**Aim of the task:** Your output must be the lines below from the line containing "Compound Sentences Worksheets" to the line containing "Slim Black Suit Pants", both lines included, reproduced exactly and without pictures.

**Materials provided:**

.....

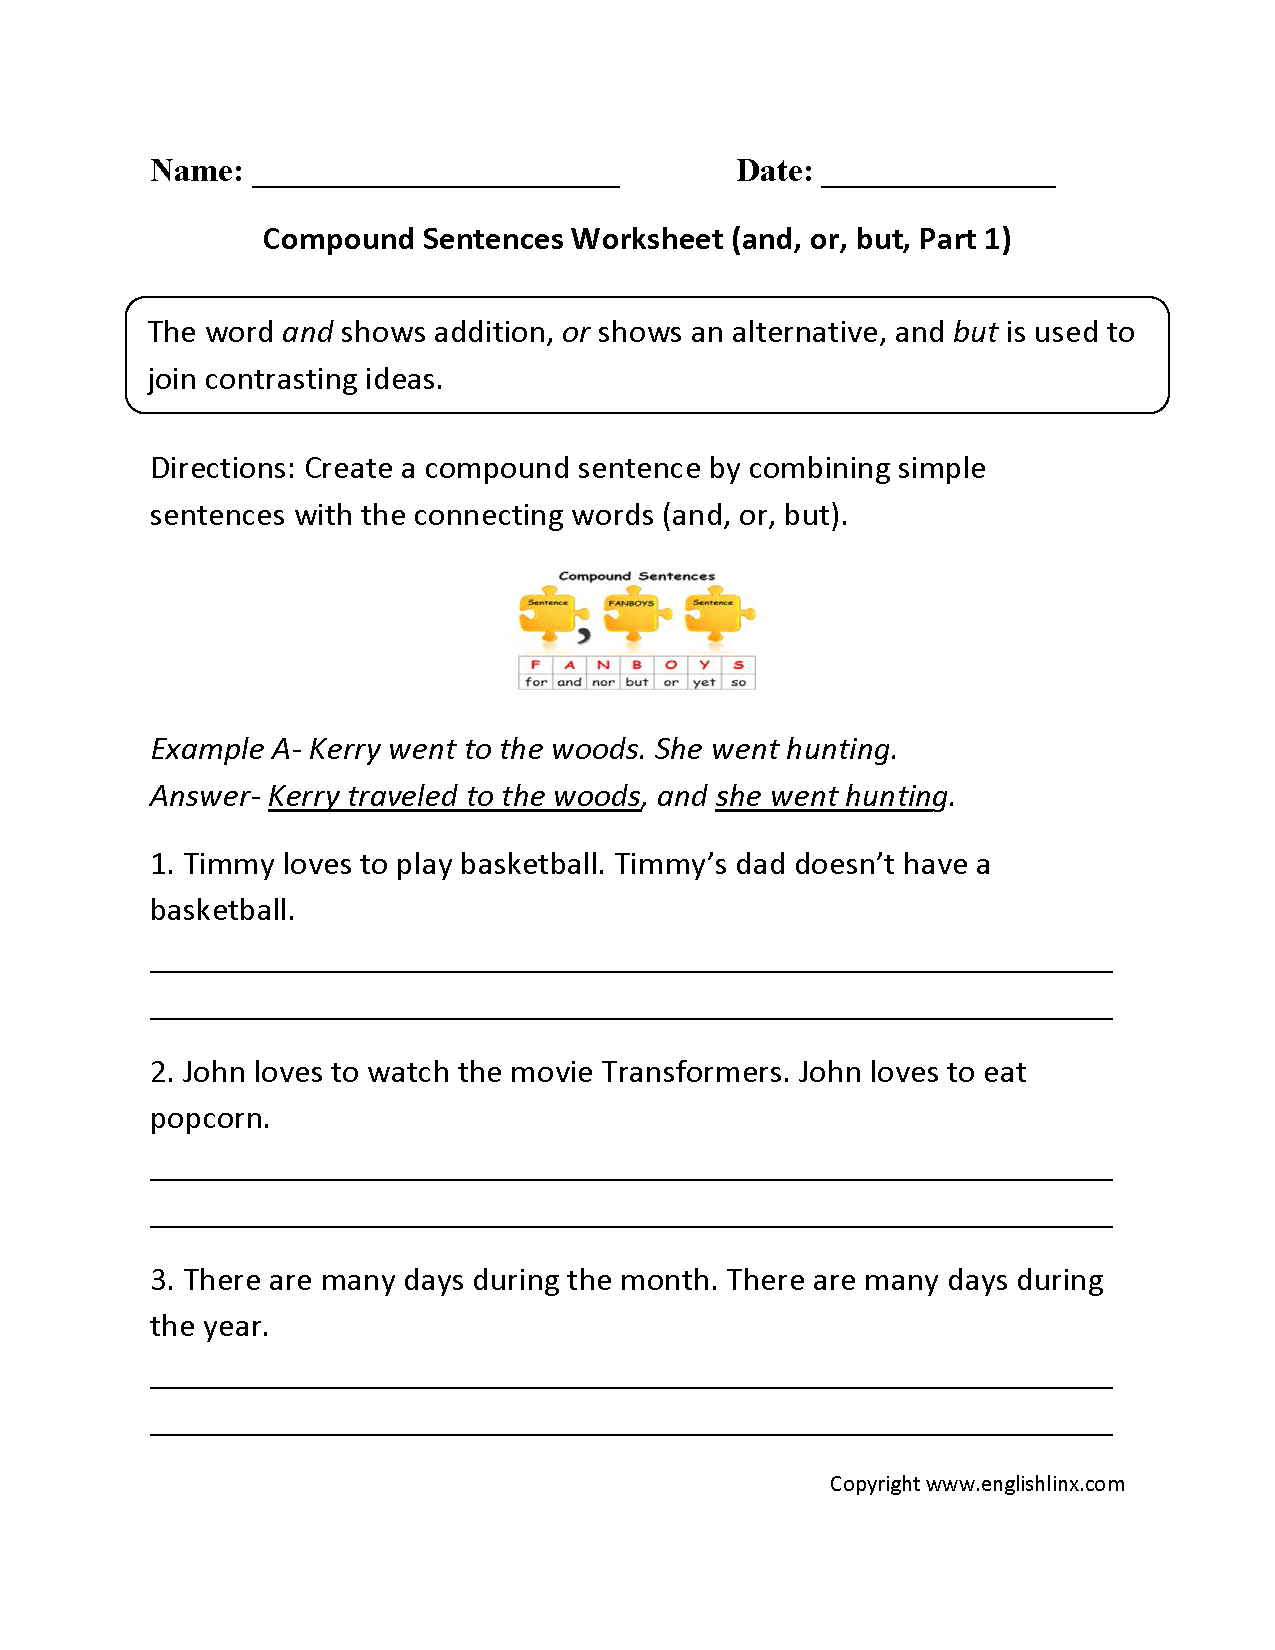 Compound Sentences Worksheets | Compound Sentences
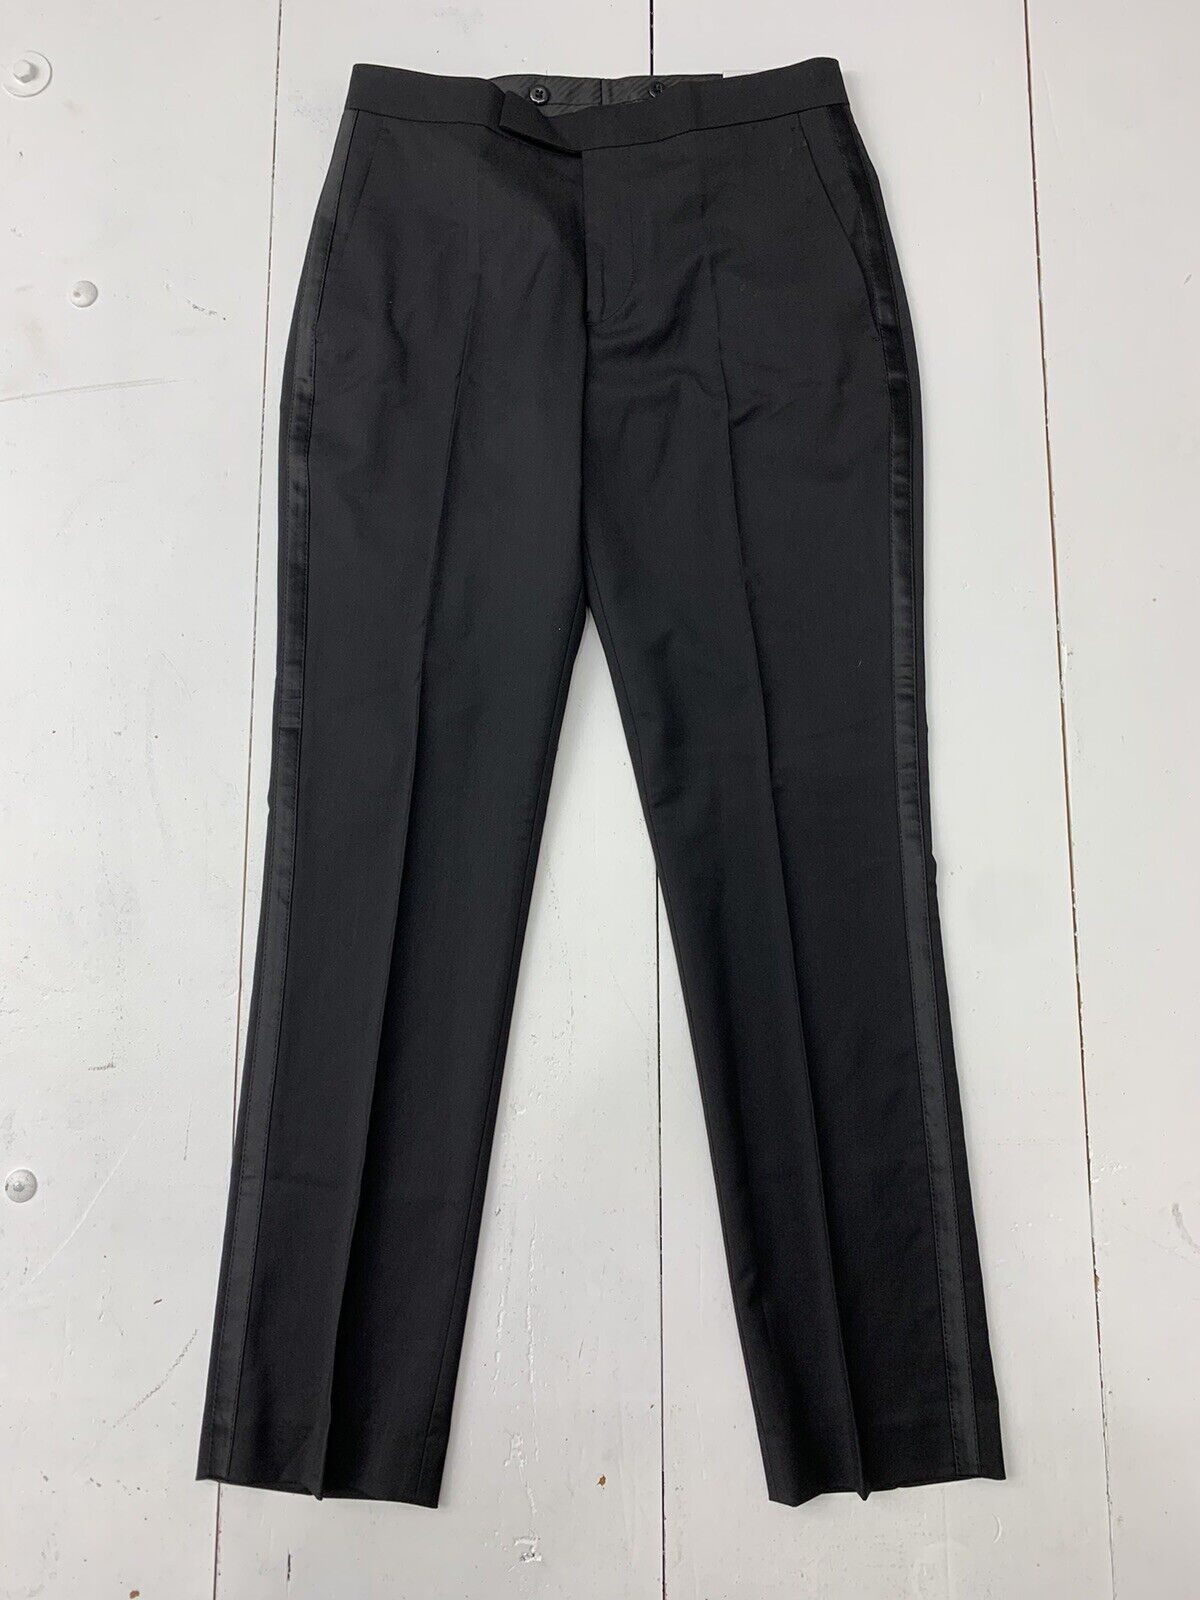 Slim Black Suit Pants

.....

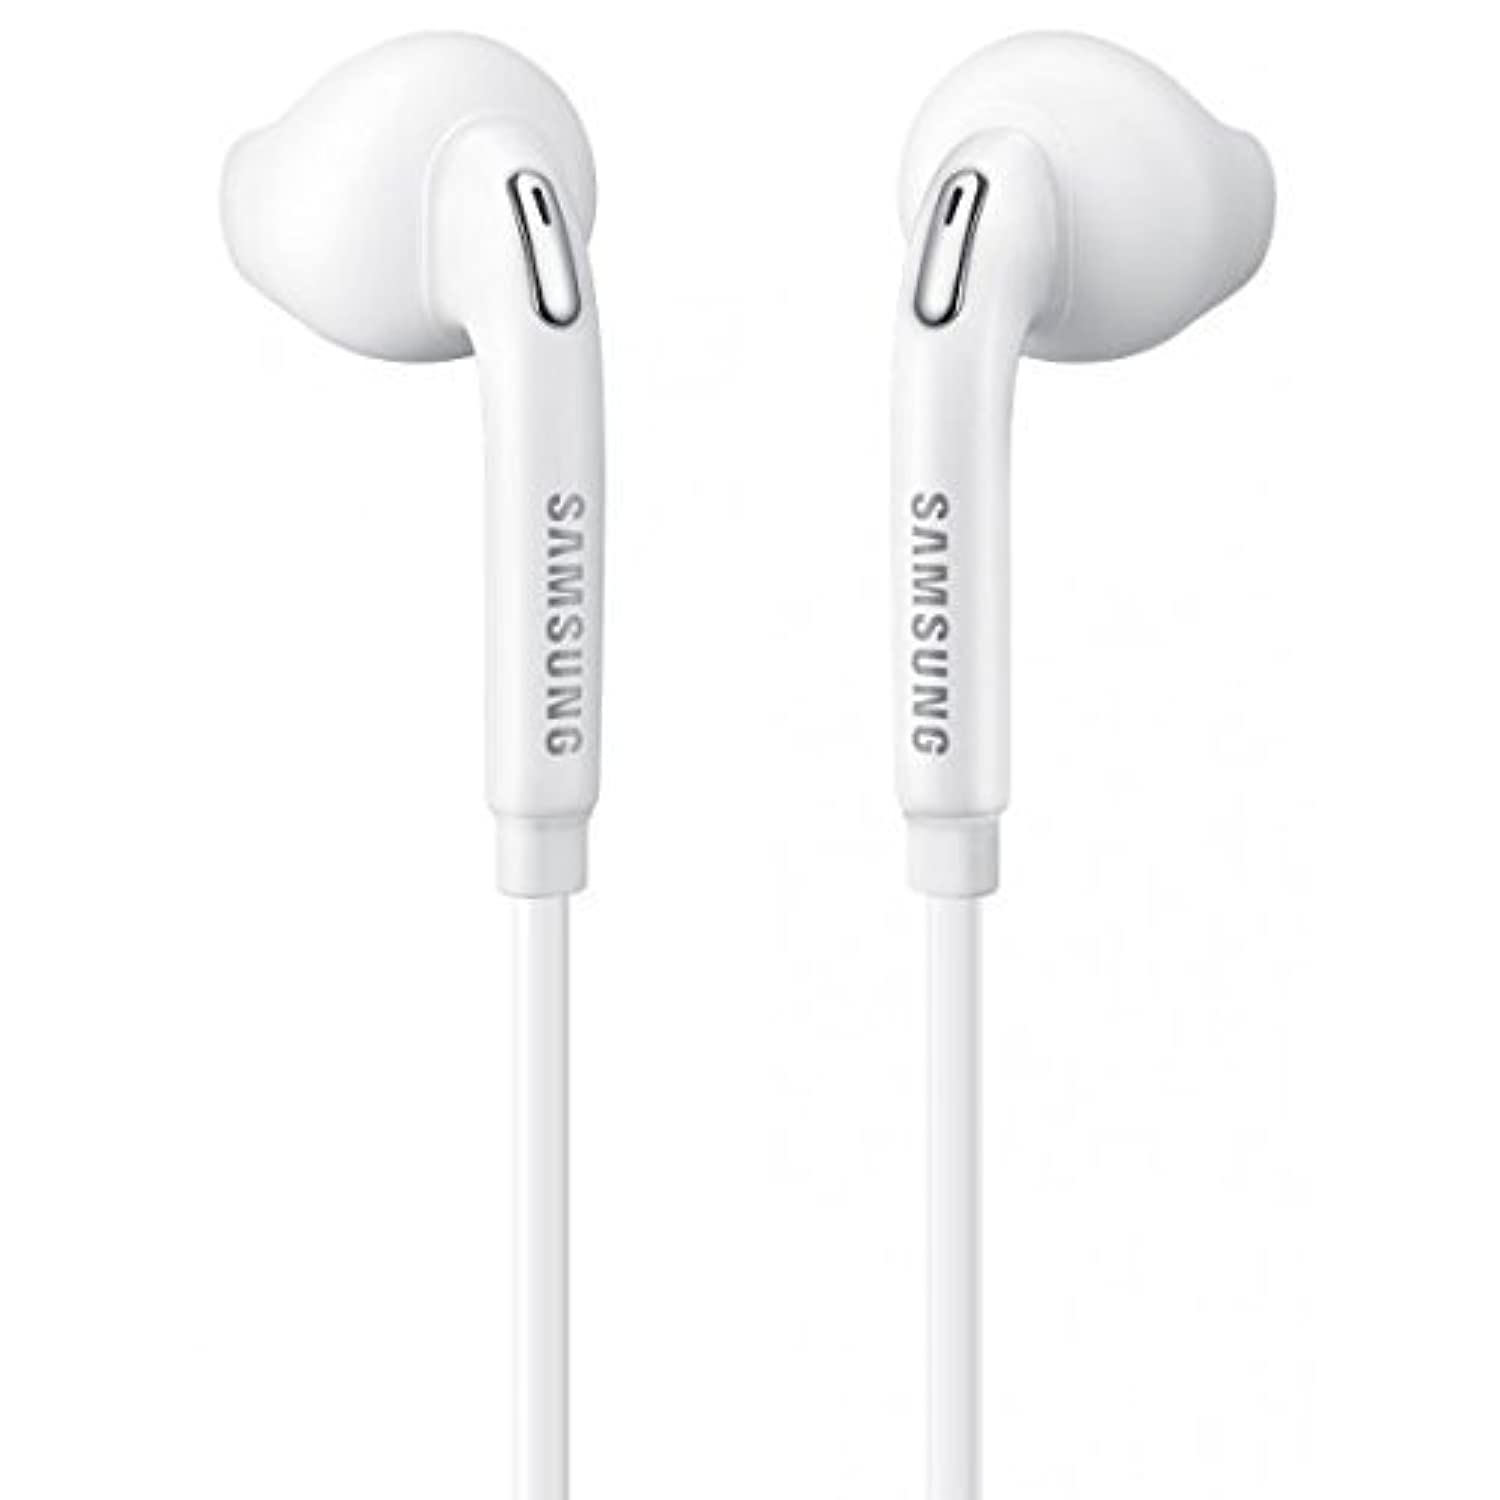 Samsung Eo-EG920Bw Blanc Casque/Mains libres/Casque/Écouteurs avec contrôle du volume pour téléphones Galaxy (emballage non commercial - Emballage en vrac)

.....

**Finished task:**
 Compound Sentences Worksheets | Compound Sentences
 Slim Black Suit Pants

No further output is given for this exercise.